A newer version of Hazelcast Platform is available.

View latest

Aggregations

Aggregations allow you to compute a value of some function (e.g sum or max) over the stored map entries. The computation is performed in a fully distributed manner, so no data other than the computed function value is transferred to a caller, making the computation fast.

If the in-memory format of your data is NATIVE, aggregations always run on the partition threads. If the data is of type BINARY or OBJECT, they also mostly run on the partition threads, however, they may run on the separate query threads to avoid blocking partition threads (if there are no ongoing migrations).

Aggregator API

The aggregation is split into three phases represented by three methods:

  1. accumulate()

  2. combine()

  3. aggregate()

There are also the following callbacks:

  • onAccumulationFinished() called when the accumulation phase finishes

  • onCombinationFinished() called when the combination phase finishes

These callbacks enable releasing the state that might have been initialized and stored in the Aggregator - to reduce the network traffic.

Each phase is described below. See also the Aggregator Javadoc for the API’s details.

Accumulation:

During the accumulation phase each Aggregator accumulates all entries passed to it by the query engine. It accumulates only those pieces of information that are required to calculate the aggregation result in the last phase - that’s implementation specific.
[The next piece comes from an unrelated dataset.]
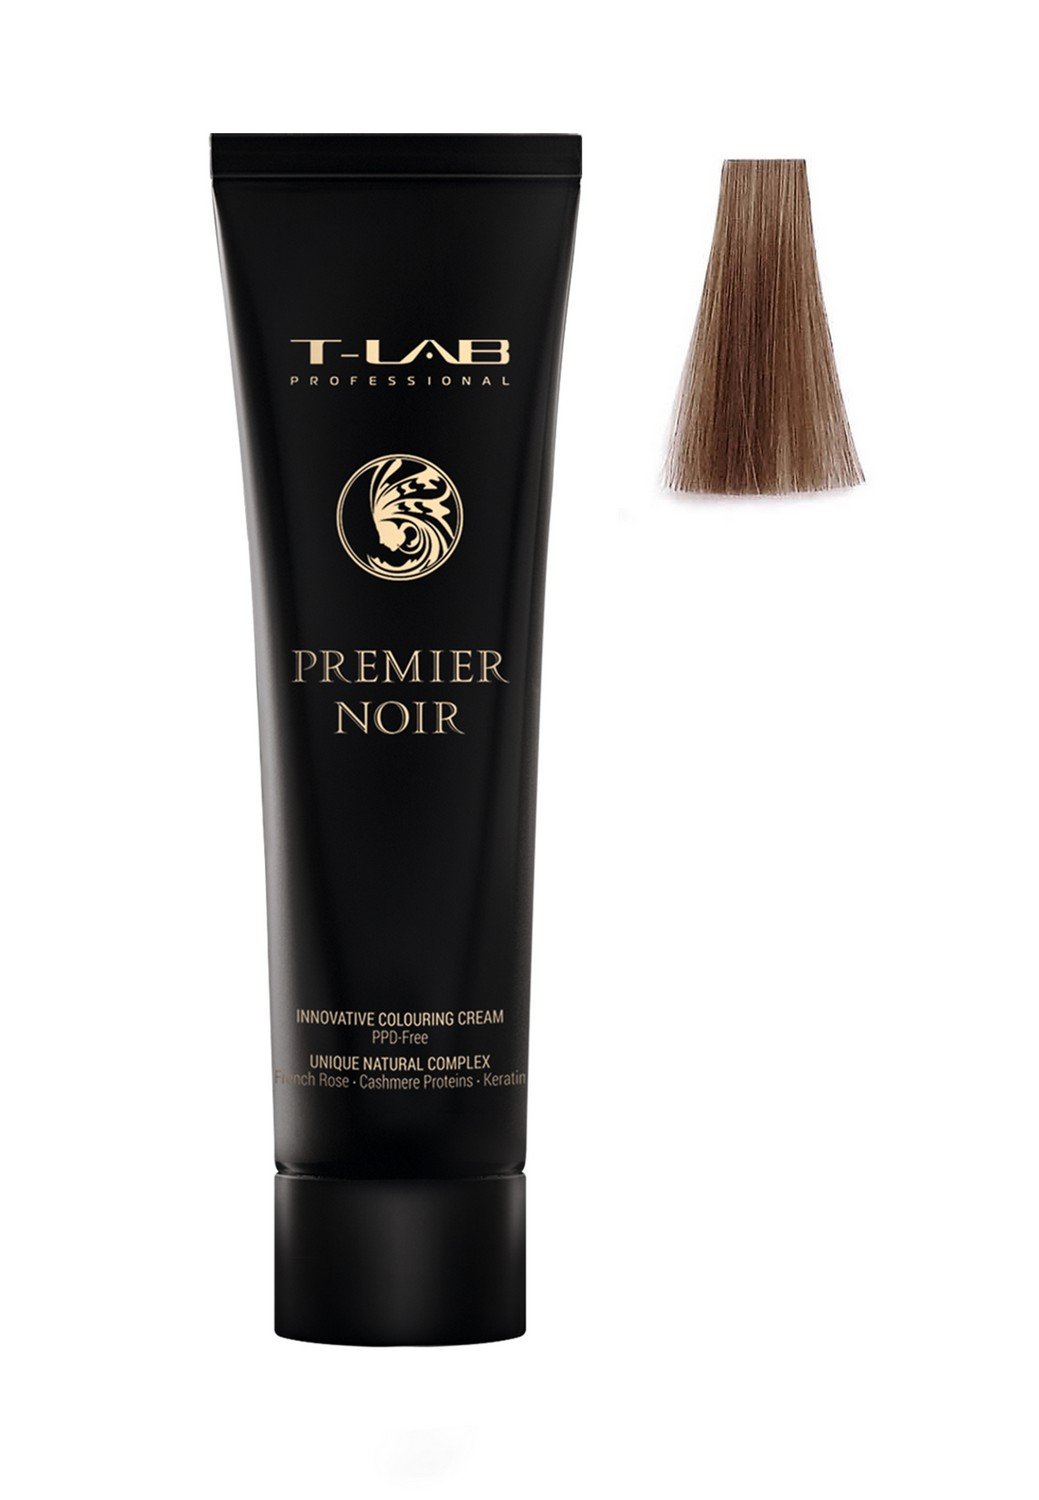 Крем-фарба T-LAB Professional Premier Noir colouring cream, відтінок 9.25 (very light iridescent mahogany blonde) - фото 2

In case of the DoubleAverage aggregation the Aggregator would accumulate:

  • the sum of the elements it accumulated

  • the count of the elements it accumulated

Combination:

Since aggregation is executed in parallel on each partition of the cluster, the results need to be combined after the accumulation phase in order to be able to calculate the final result.

In case of the DoubleAverage aggregation, the aggregator would sum up all the sums of the elements and all the counts.

Aggregation:

Aggregation is the last phase that calculates the final result from the results accumulated and combined in the preceding phases.

In case of the DoubleAverage aggregation, the Aggregator would just divide the sum of the elements by their count (if non-zero).

Aggregations and Map Interfaces

Aggregations are available on com.hazelcast.map.IMap only. IMap offers the method aggregate to apply the aggregation logic on the map entries. This method can be called with or without a predicate. You can refer to its Javadoc to see the method details.

Example Implementation

Here’s an example implementation of the Aggregator:

    private static void simpleCustomAverageAggregation(IMap<String, FAEmployee> employees) {
        System.out.println("Calculating salary average");

        double avgSalary = employees.aggregate(new Aggregator<Map.Entry<String, FAEmployee>, Double>() {

            protected long sum;
            protected long count;

            @Override
            public void accumulate(Map.Entry<String, FAEmployee> entry) {
                count++;
                sum += entry.getValue().getSalaryPerMonth();
            }

            @Override
            public void combine(Aggregator aggregator) {

                this.sum += this.getClass().cast(aggregator).sum;
                this.count += this.getClass().cast(aggregator).count;
            }

            @Override
            public Double aggregate() {
                if (count == 0) {
                    return null;
                }
                return ((double) sum / (double) count);
            }

        });

        System.out.println("Overall average salary: " + avgSalary);
        System.out.println("\n");
    }

As you can see:

  • the accumulate() method calculates the sum and count of the elements

  • the combine() method combines the results from all the accumulations

  • the aggregate() method calculates the final result.

Built-In Aggregations

The com.hazelcast.aggregation.Aggregators class provides a wide variety of built-in Aggregators. The full list is presented below:

  • count

  • distinct

  • bigDecimal sum/avg/min/max

  • bigInteger sum/avg/min/max

  • double sum/avg/min/max

  • integer sum/avg/min/max

  • long sum/avg/min/max

  • number avg

  • comparable min/max

  • fixedPointSum, floatingPointSum

To use the any of these Aggregators, instantiate them using the Aggregators factory class.

Each built-in Aggregator can also navigate to an attribute of the object passed to the accumulate() method (via reflection). For example, Aggregators.distinct("address.city") extracts the address.city attribute from the object passed to the Aggregator and accumulate the extracted value.

Configuration Options

On each partition, after the entries have been passed to the aggregator, the accumulation runs in parallel. It means that each aggregator is cloned and receives a sub-set of the entries received from a partition. Then, it runs the accumulation phase in all the cloned aggregators - at the end, the result is combined into a single accumulation result. It speeds up the processing by at least the factor of two - even in case of simple aggregations. If the accumulation logic is more "heavy", the speed-up may be more significant.

In order to switch the accumulation into a sequential mode just set the hazelcast.aggregation.accumulation.parallel.evaluation property to false (it’s set to true by default).